Task objective: Without the pictures, print the lines from the one holding "Chandelier, in metal" through the last line below, both included, exactly as they stand.

Source data:

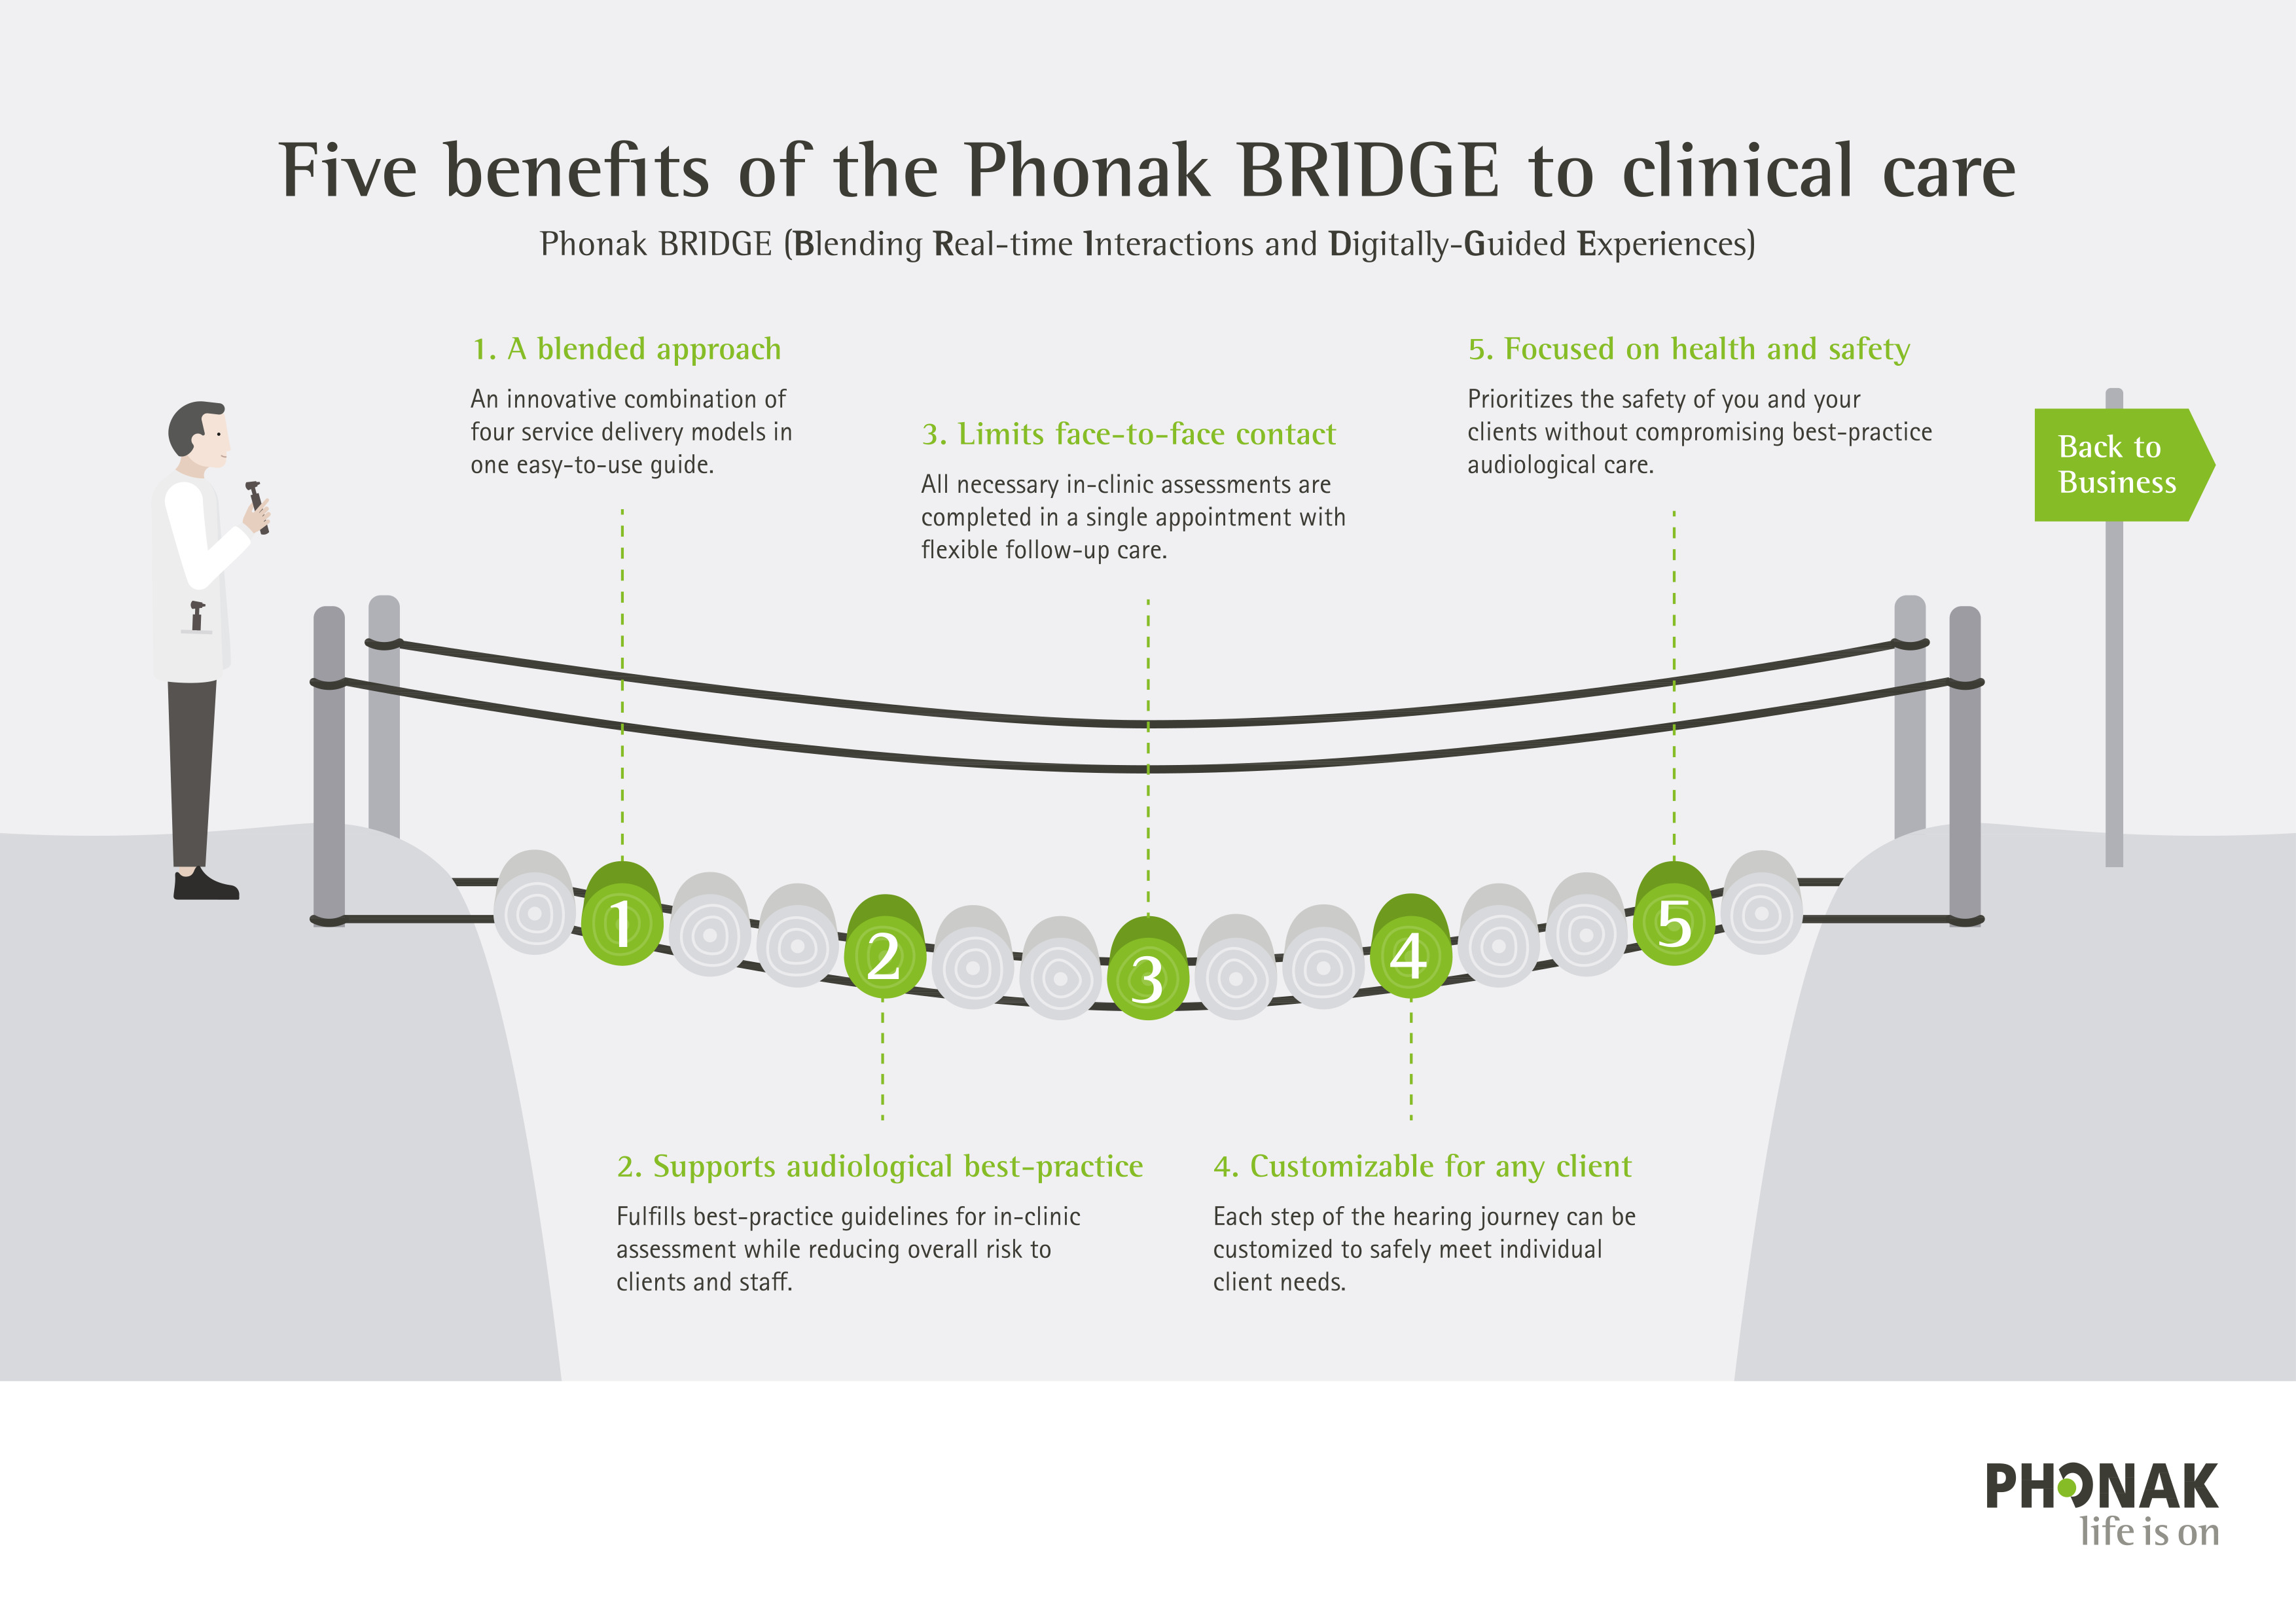 Benefits of Phonak BRIDGE to clinical care infographic
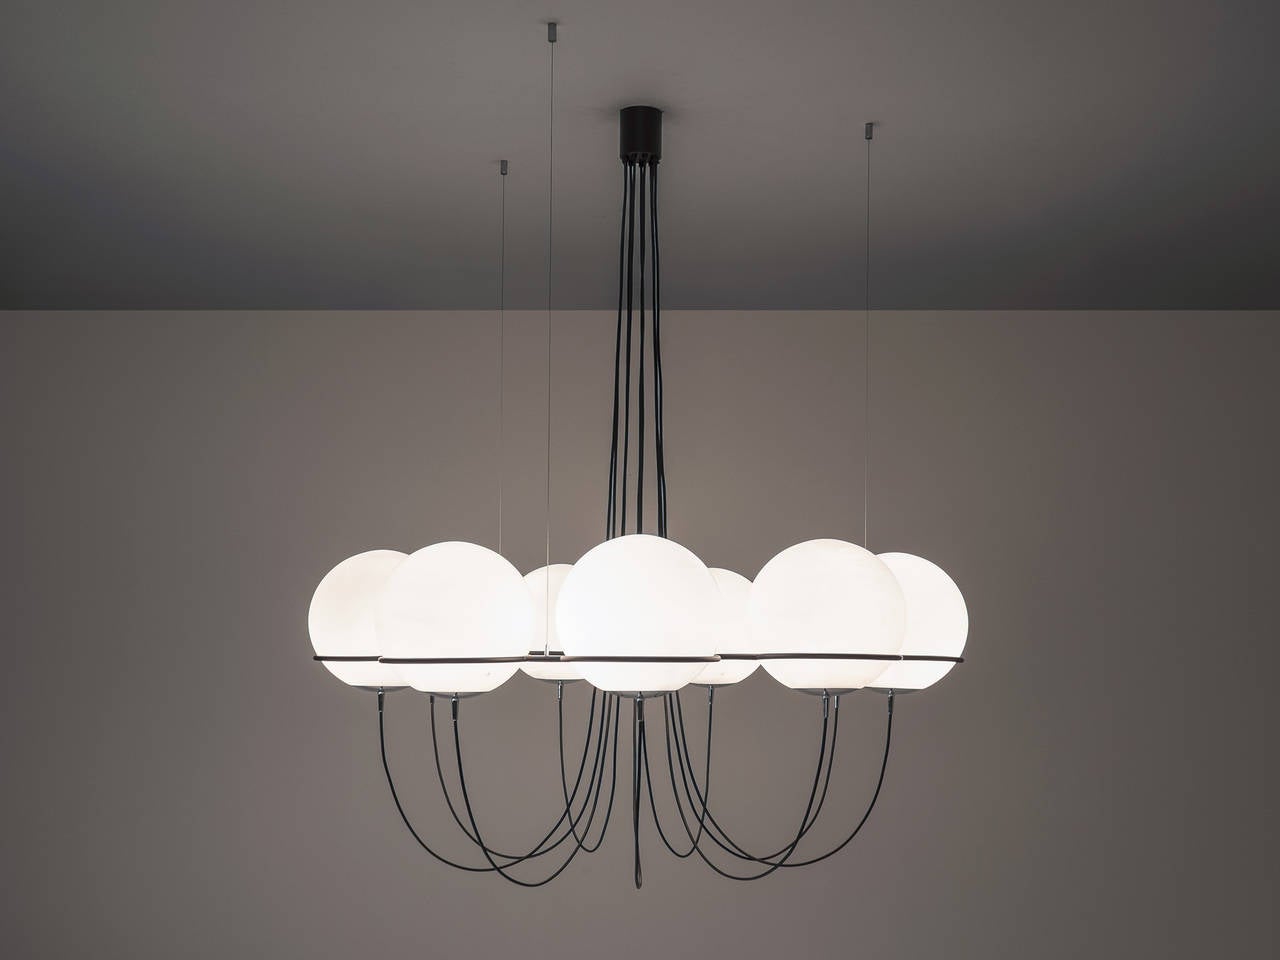 Chandelier, in metal and opal, Europe, 1970s.

Very large chandelier with nine opaline glass bulbs with chrome details. It is obvious that this design is inspired on the earlier designs of Gino Sarfatti for Arteluce, but this one is as well very

Exercise answer:
 Chandelier, in metal and opal, Europe, 1970s.

Very large chandelier with nine opaline glass bulbs with chrome details. It is obvious that this design is inspired on the earlier designs of Gino Sarfatti for Arteluce, but this one is as well very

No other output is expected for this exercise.